Australian carbon project developer Corporate Carbon has been expanding its trading capabilities around Australian Carbon Credit Units (ACCUs) on the back of growing supply and wider market maturity. Head of carbon trading Angus Robertson spoke with Argus about the latest developments in the market.
Corporate Carbon is one of the biggest suppliers of ACCUs. Is it correct that the company has been issued around 15mn ACCUs, counting both fully-owned projects and partnerships, which would be around 10pc of all ACCU issuances since the scheme started in 2011?
Yes, that's the approximate number. We've got around 100 projects. In terms of issuance from a mix of owned projects and offtake agreements with other developers and partners in the industry, the approximate forecast is around 3mn ACCUs/yr. We trade around that and then also have capacity to trade outside of our own projects and within the portfolio, plus operating as a trading entity in the secondary market.
The company has been one of the main suppliers to private buyers, and to the federal government through carbon abatement contracts (CACs). But you are also buyers. How does that work?

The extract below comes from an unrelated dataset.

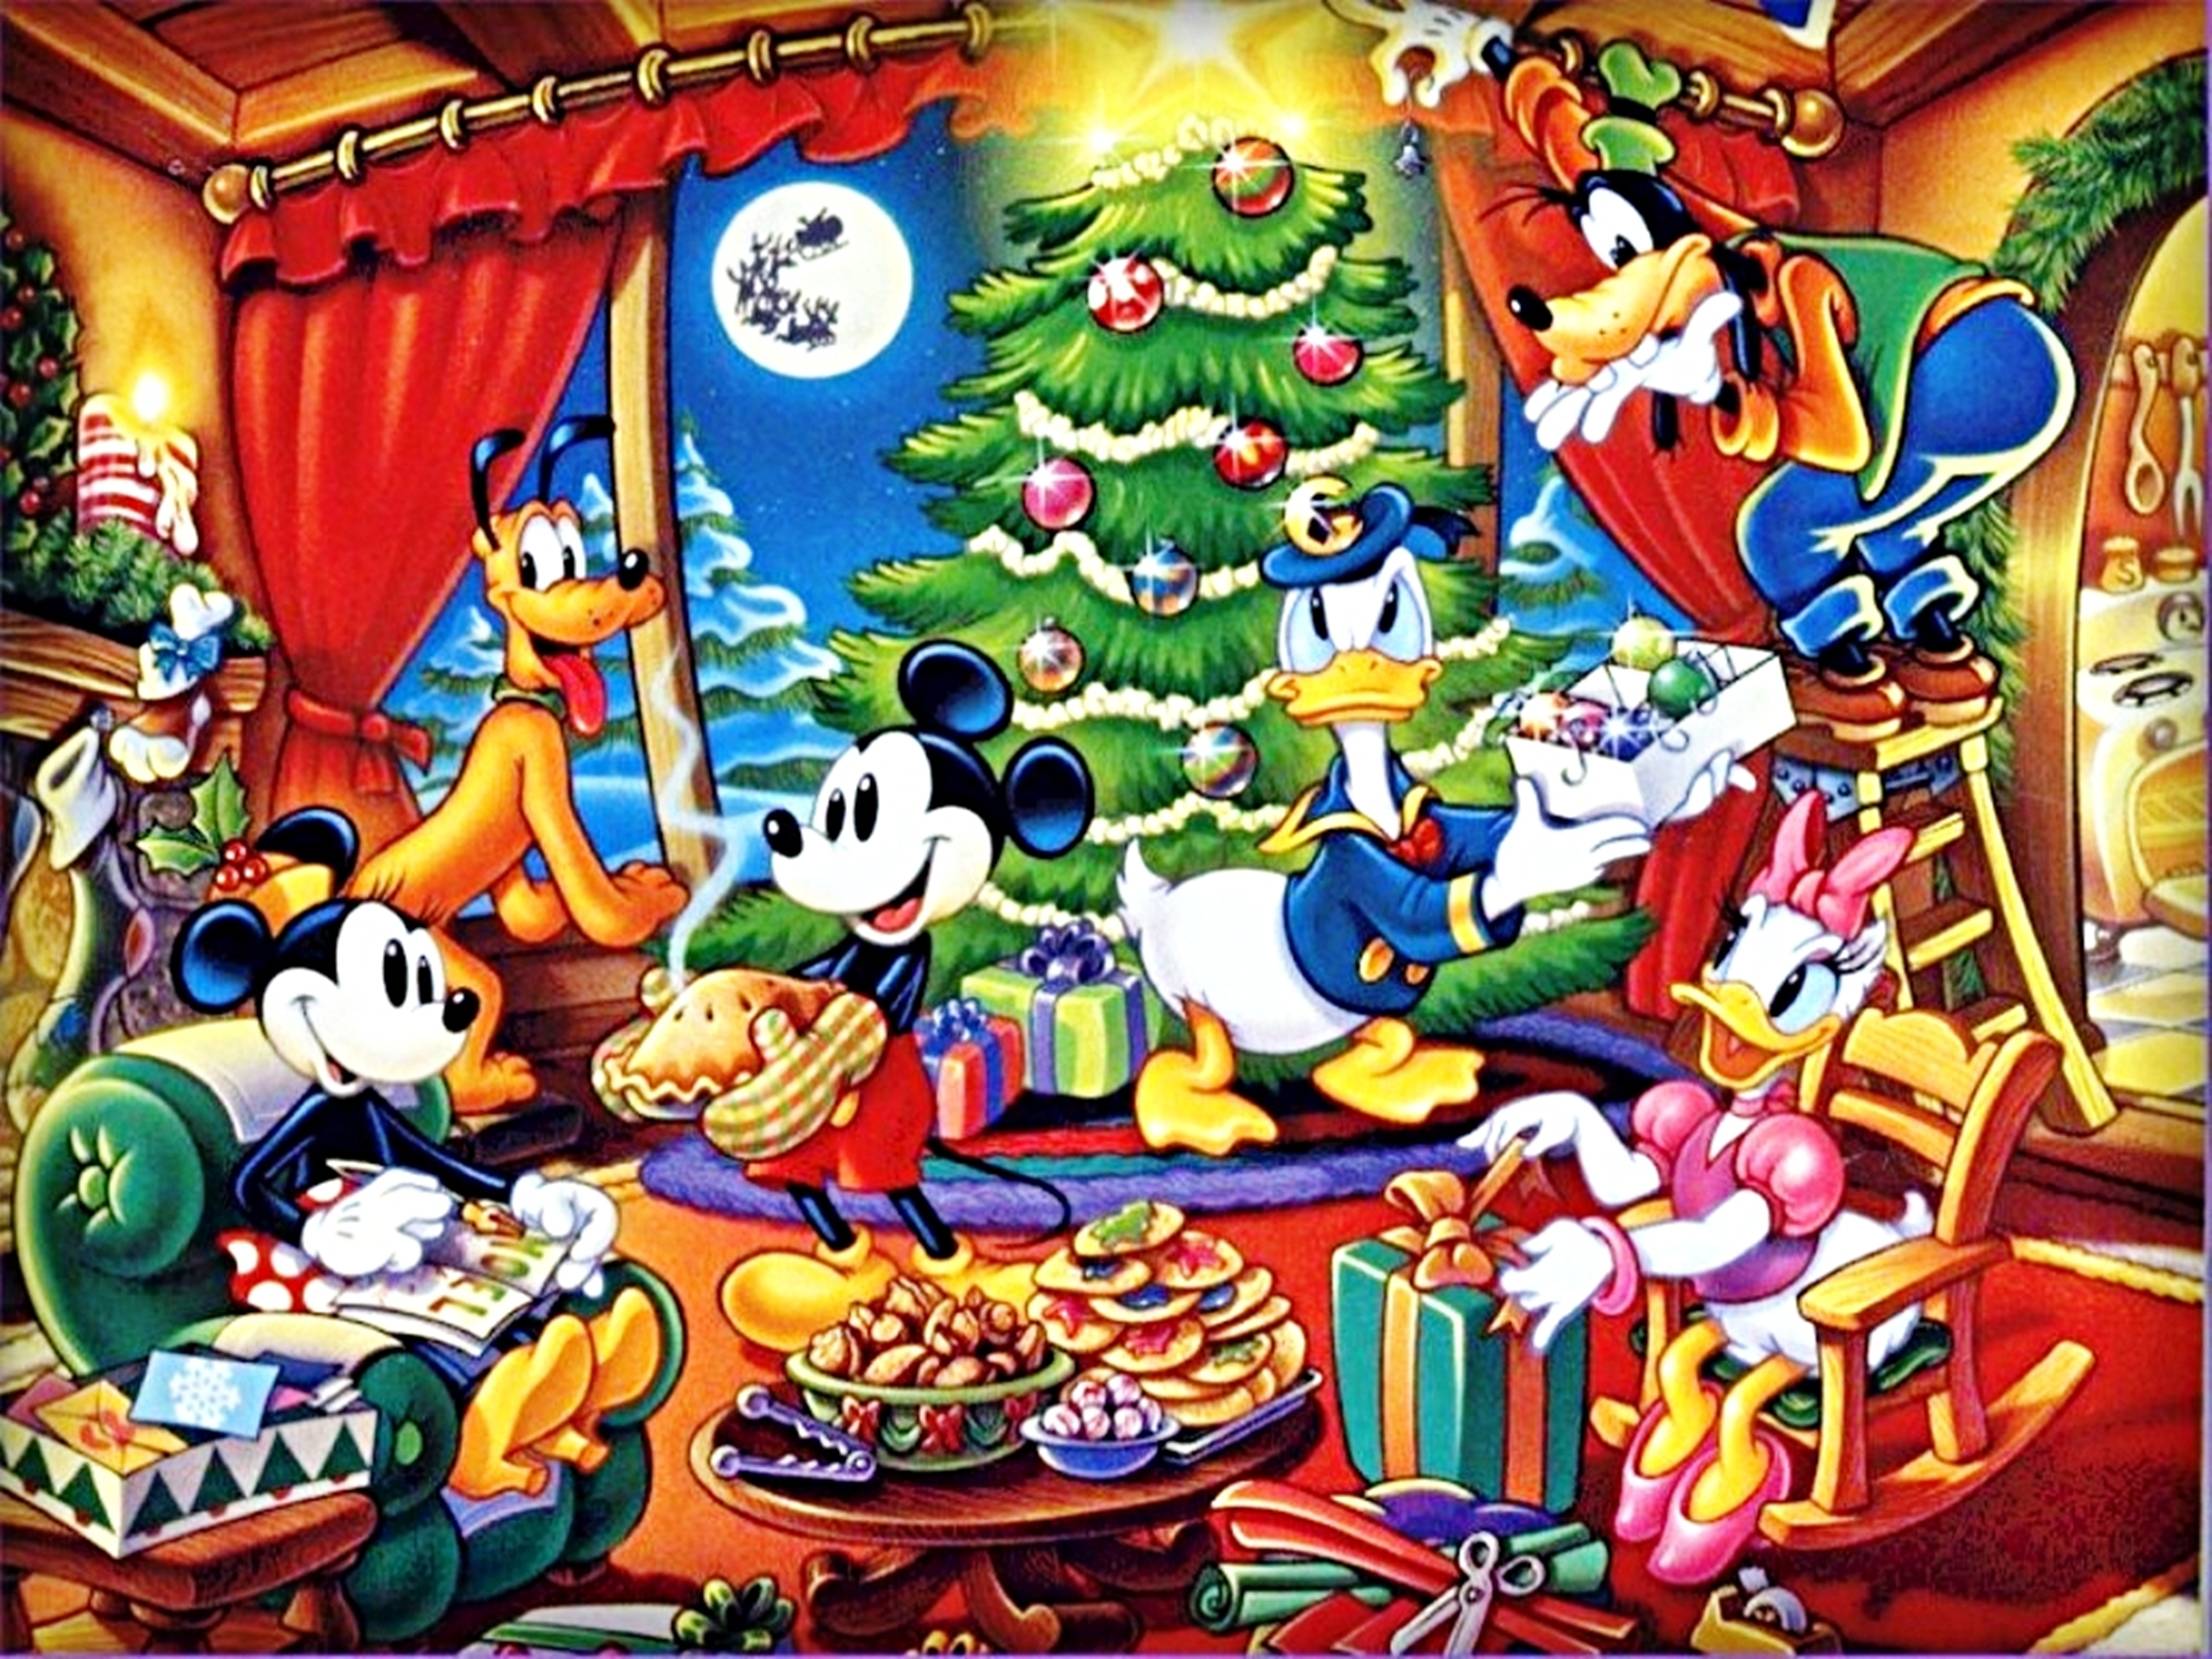 Christmas Cartoon Classic Wallpapers

The increased capability of our business to both buy and sell is a reflection of the broader Australian carbon market maturing over the last few years. The beginning of the business was very much built off the back of those CACs. As that policy changed over time, allowing for the partial exiting of those CACs, obviously there's been a lot more focus on the secondary market now.
We've seen a lot of trading houses, banks and other financial institutions coming into the market, and with that you get a more mature financial market. So in response to that, we've been building out our trading capacity as well as our broader commercial team over the past few years. We take a portfolio approach and we have a large inventory flow to assist with that growing demand, but there are times when we go out to the secondary market and source units on behalf of clients.
You recently partnered with trading and risk management firm Ion Commodities to implement their Carbon Zero tool. How does that translate into your trading capabilities?
We see Ion's solution as a really effective trading tool and portfolio management system. It reflects our readiness to operate at a larger scale. By providing those tools, it allows us to focus on the strategic goals of the business, especially from a commercial perspective. It is very much a tool for reporting purposes and the automation capabilities of the system assist with that, but it does have a bit of a flow-on effect in terms of efficiency across the business as well.
Going to the market, in the short term, it seems to be all about the upcoming federal elections. Do you expect to see much price volatility within the next few weeks?
Yes. As we approach the Australian federal election, we would expect there to be a degree of uncertainty, considering the difference in the two major party outcomes in terms of their take on the carbon market. We would see it as positive in either instance, but I think there is still a degree of uncertainty that should lead to perhaps a degree of illiquidity in the market.
The market has been also weighed down by a strong issuance of safeguard mechanism credits (SMCs). Were you surprised with that high volume when it was first disclosed by the Climate Change Authority late last year?
I think it was the general market consensus that the number was higher than initially forecast, and [ACCU] market prices definitely reflected that in the following weeks and months after those numbers were disclosed. Once the final numbers were released, I think the market had generally already priced that in by that point.
Has that changed your internal outlook for when the ACCU market might see an expected shift from oversupply to undersupply?
I wouldn't say our internal view has changed all that much. If the majority of that volume is now weighted towards the early years of the safeguard mechanism, policies might reflect that going forward.
Now we would probably see ACCU supply as a potential restriction on the market in the short to medium term. Obviously, there's speculation around certain methods in the ACCU market, where higher forecasts were expected over the following next few years and that's now no longer the case. So probably more around supply than demand in terms of our shifted internal views, and this is more from a trading and market perspective as opposed to our actual projects being affected.
So it's more on the supply side than demand, even with the high SMC issuances?
Well, obviously the market has reacted to those media releases by the regulator around SMCs. So you know that's already happened — you can't really argue that now. Will there be further policy changes around the safeguard mechanism to account for that? That's a bit of an unknown, but it's definitely potential in the following years.
And when you talk about supply constraints, is it mostly the delays with the development of the integrated farm and land management methodology, and potentially lower issuances from a reformed landfill gas method?
Those are good examples of general delays in certain methods and the creation of new methods. So yes, our expectation is that this could be a big driver on ACCU prices in the next few years.